Page 1 of 1
<link> referenced icon misconstrued as CSS and blocked
Posted: Tue Jul 27, 2010 3:14 am
by al_9x
Hotmail page references an icon like this:
Code: Select all
<link rel="icon" type="image/x-icon" href="http://gfx2.hotmail.com/mail/w4/m3/ltr/mfav.ico" />
NS blocks it
Re: <link> referenced icon misconstrued as CSS and blocked
Posted: Tue Jul 27, 2010 5:21 am
by Giorgio Maone
That's really weird.
Code: Select all
var ph = PolicyState.extract(channel);
if (ph) {
var ctype = ph.contentType;
var origin = ABE.getOriginalOrigin(channel) || ph.requestOrigin;
if (origin && (ctype === 2 || ctype === 4) && this.getBaseDomain(origin.host) != this.getBaseDomain(channel.URI.host)) {
should be null for favicons, and so origin.
Furthermore, ctype == 2 means script and ctype == 4 means CSS, and this info comes from Gecko...

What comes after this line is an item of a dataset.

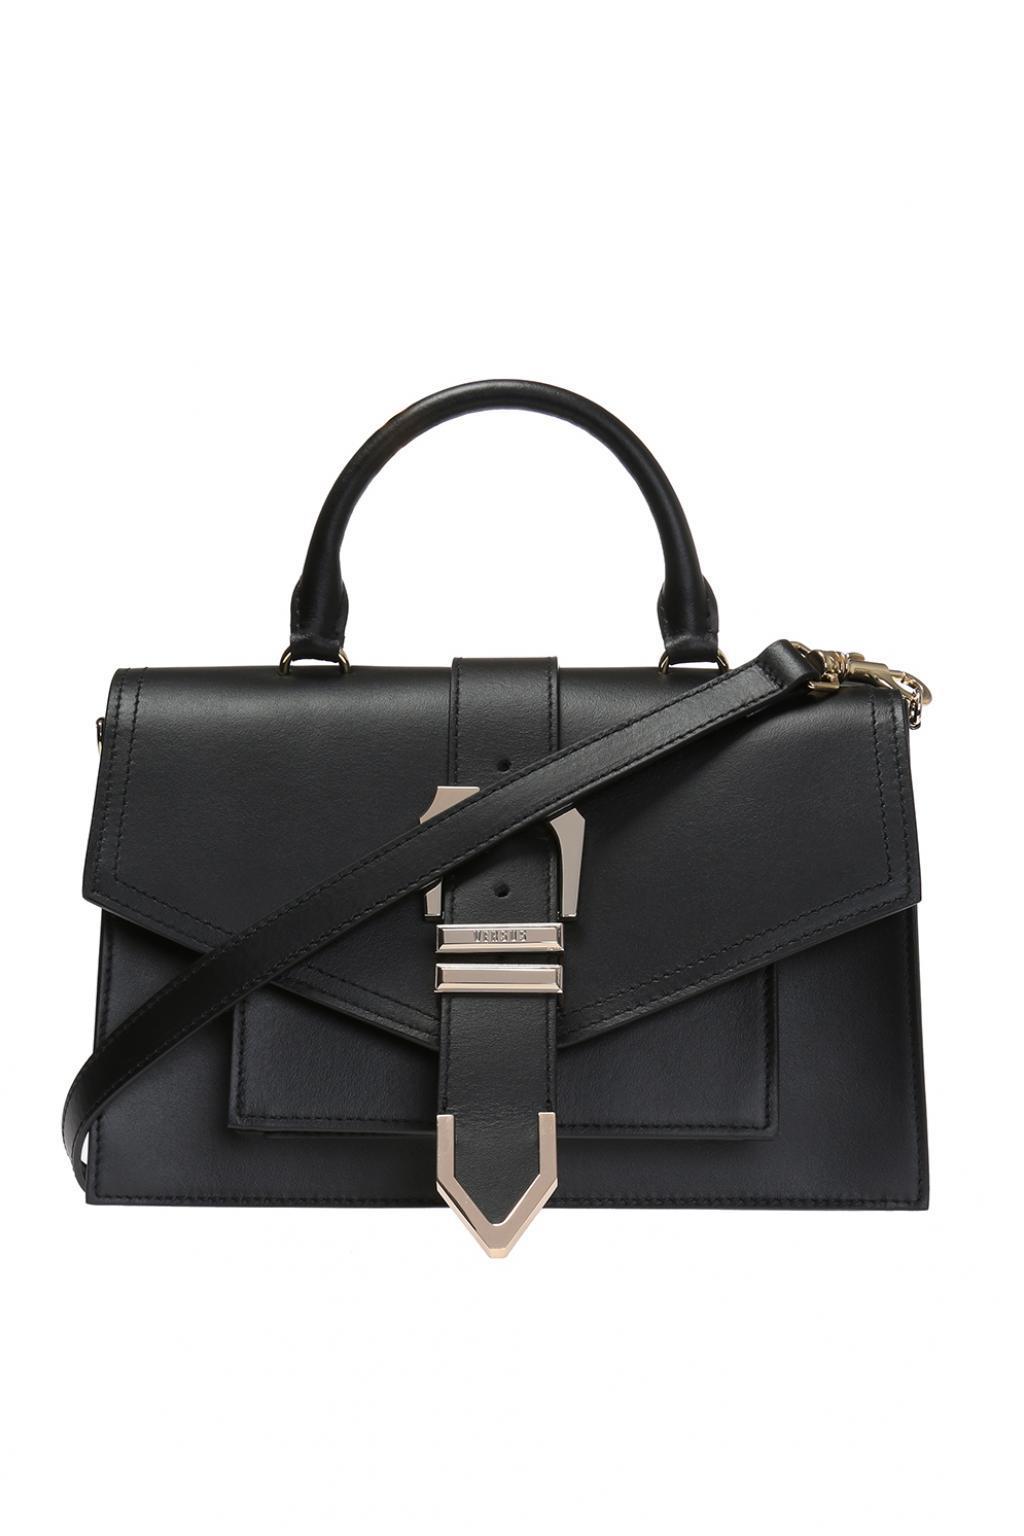 Versus Iconic eyelet-buckle shoulder bag - Black Zsdw4a

Re: <link> referenced icon misconstrued as CSS and blocked
Posted: Tue Jul 27, 2010 6:10 am
by al_9x
This is in a new wave4 Hotmail, I take it you can't repro since you don't have it yet? You could wait till you get upgraded or if you want, give me some debug code to patch. It doesn't cause any problems, I only noticed it while investigating something else, but seems worth understanding.

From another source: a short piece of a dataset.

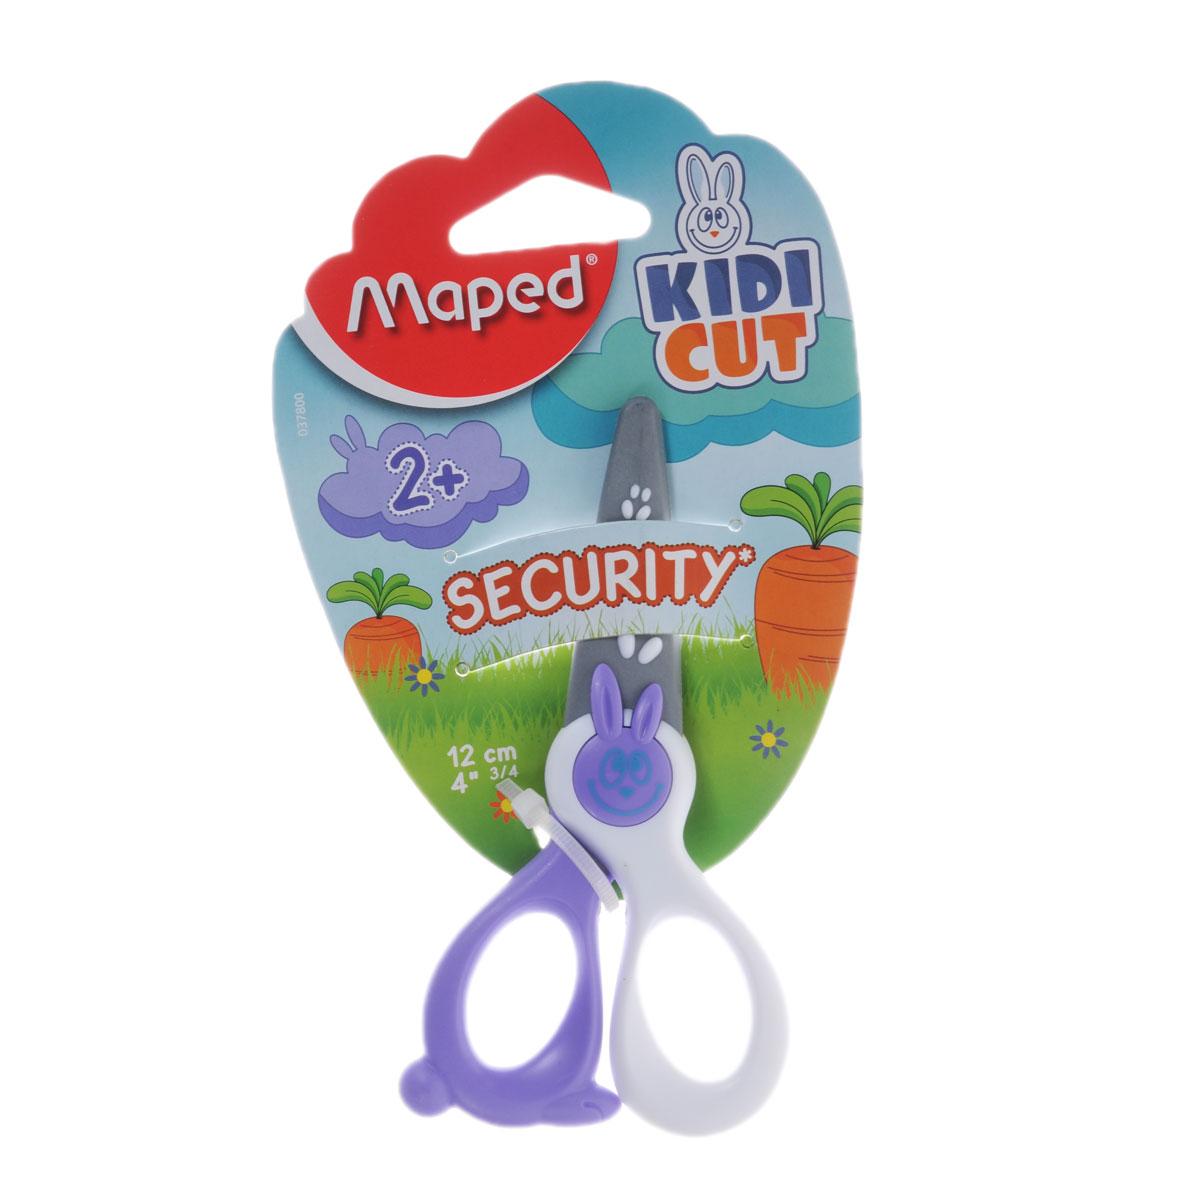 Ножницы детские Maped Security, цвет: сиреневый, белый, 12 см037800Детские ножницы Maped Security с закругленными концами имеют специальные лезвия из фибергласа, которые режут бумагу, но не повредят кожу ребенка, волосы или одежду. Идеальны для обучения обращению с ножницами вашего малыша.Рекомендуемый возраст: от 2 лет.

Re: <link> referenced icon misconstrued as CSS and blocked
Posted: Tue Jul 27, 2010 7:45 am
by Giorgio Maone
Can you consistently reproduce it?
Is that LINK element the only reference to that file?
I tried the running following URL on a whitelisted page, and the icon successfully changed (after some seconds, looks like the server is fairly overloaded) with no NoScript interference:
Code: Select all
javascript:var l=document.createElement("link");l.rel="icon";l.type="image/x-icon";l.href="http://gfx2.hotmail.com/mail/w4/m3/ltr/mfav.ico";document.getElementsByTagName("head")[0].appendChild(l);alert("done")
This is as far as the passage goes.